Search code examples
mongodbapache-kafkaapache-kafka-connectconfluent-platform

How to get full document when using kafka mongodb source connector when tracking update operations on a collection?


I am using Kakfa MongoDB Source Connector [https://www.confluent.io/hub/mongodb/kafka-connect-mongodb] with confluent platform v5.4. Below is my MongoDB Source Connector config

{
    "name": "mongodb-replica-set-connector",
    "config": {
        "tasks.max": 1,
        "connector.class": "com.mongodb.kafka.connect.MongoSourceConnector",
        "key.converter": "org.apache.kafka.connect.storage.StringConverter",
        "value.converter": "org.apache.kafka.connect.storage.StringConverter",
        "connection.uri": "mongodb://<username:password>@<MongoDB-Server-IP-Or-DNS>/<DB-Name>?ssl=false&authSource=<DB-Name>&retryWrites=true&w=majority",
        "database": "<DB-Name>",
        "collection": "<Collection-Name>",
        "topic.prefix": ""
    }
}

I am getting full and correct document details when a record in inserted into the specified collection. But when I perform delete or update operation, I do not get the full document. Below is the screenshot for delete and update operation from a stream which reads the topic specified in the config. enter image description here My questions is - What should I specify in the config so I get full document when the update operation is performed?

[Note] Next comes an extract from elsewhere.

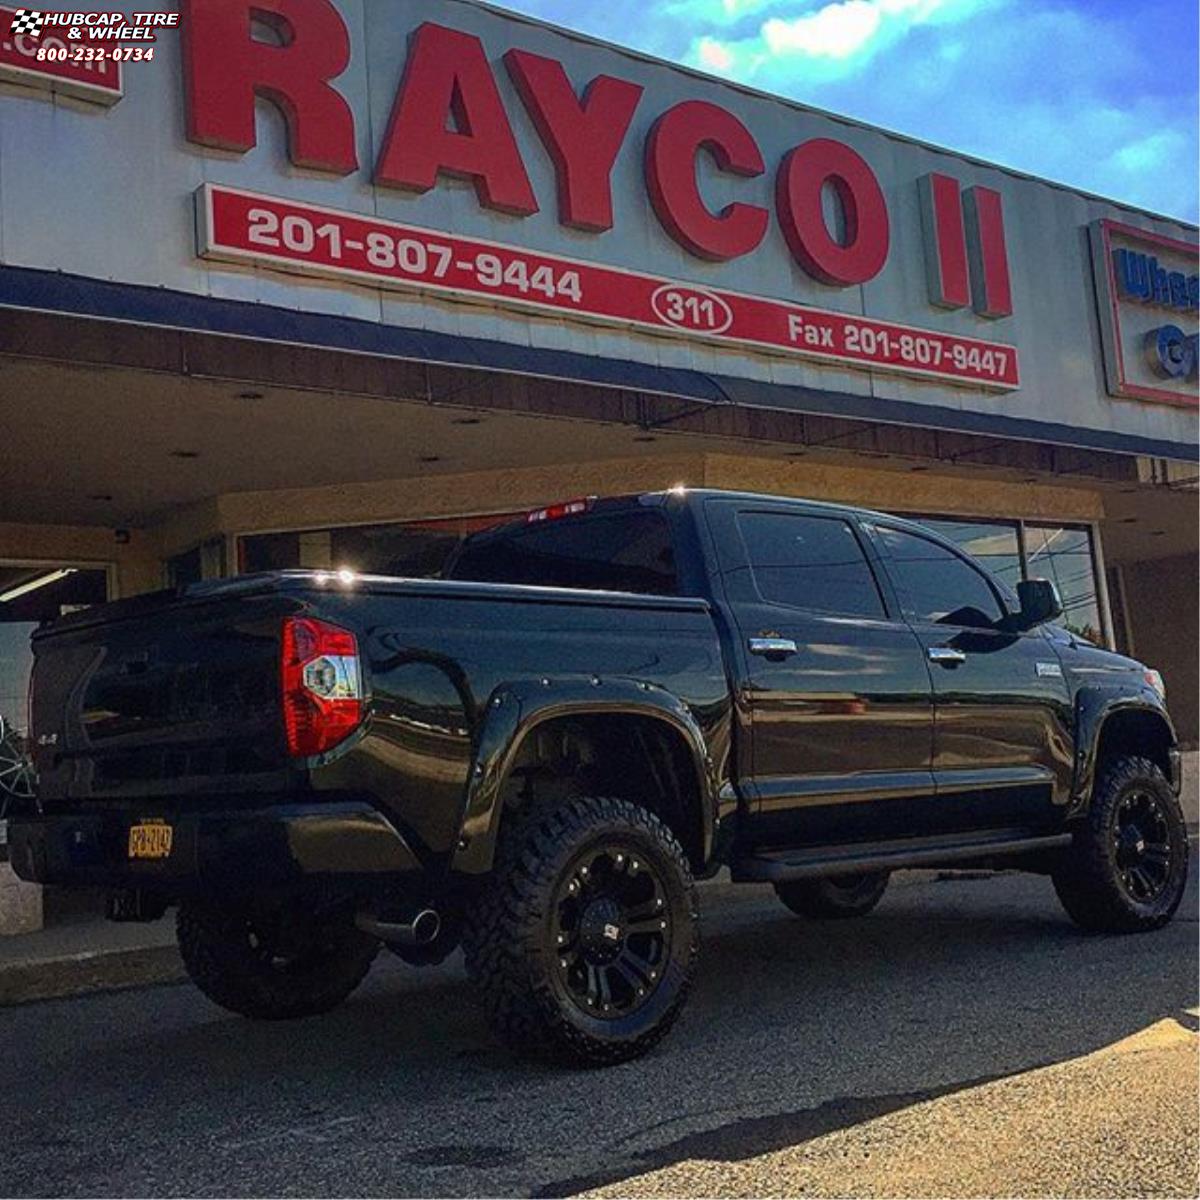 vehicle gallery/2014 toyota tundra xd series xd778 monster x  Matte Black wheels and rims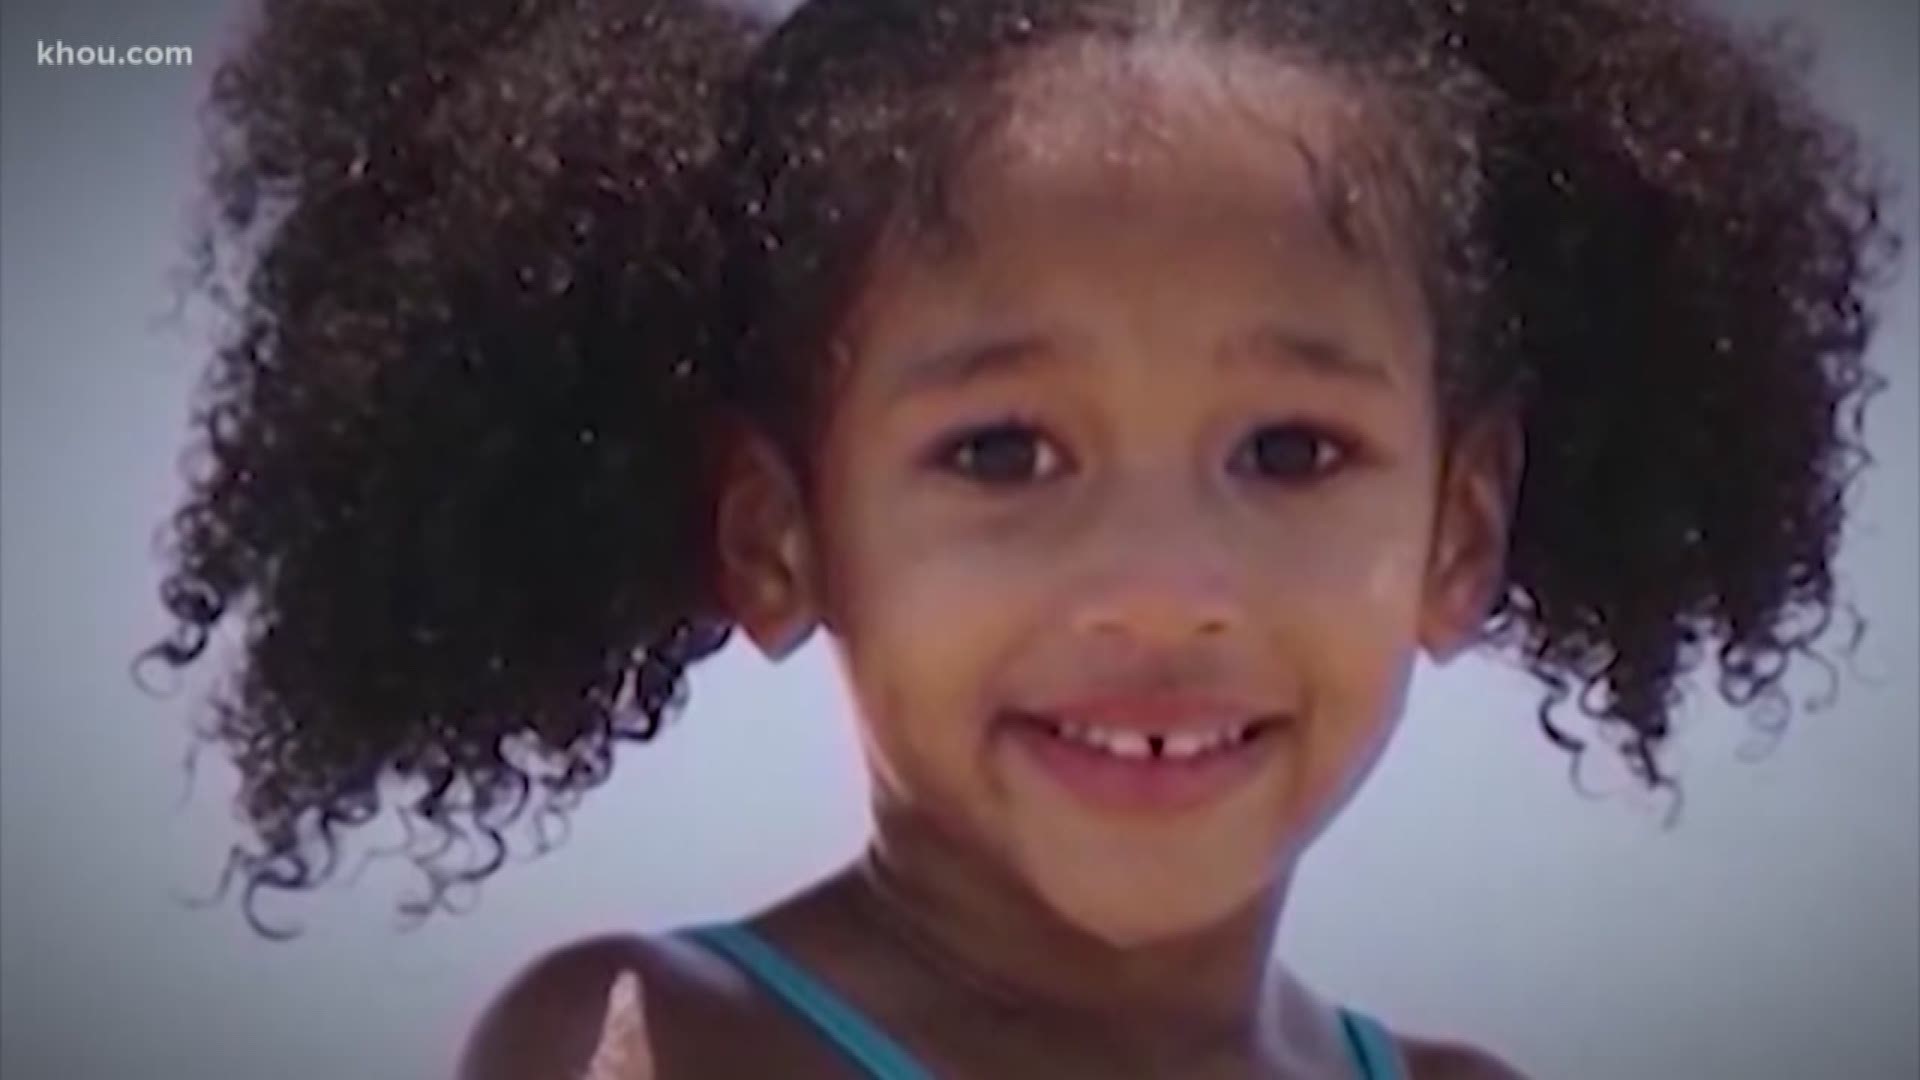 On Saturday morning, hundreds of people said goodbye to 4-year-old Maleah Davis at her funeral in south Houston. Maleah’s death has been felt across Houston and the nation.

Is there any way to get the info like id or key for the document which was deleted?


Solution

  • Use the property publish.full.document.only": "true" in the MongoDB Connector config for getting the full document in case any create and update operation is done on the MongoDB collection. Delete operations cannot be tracked as it does not go with the idea of the CDC(change data capture) concept. Only the changes (create/update) in the data can be captured.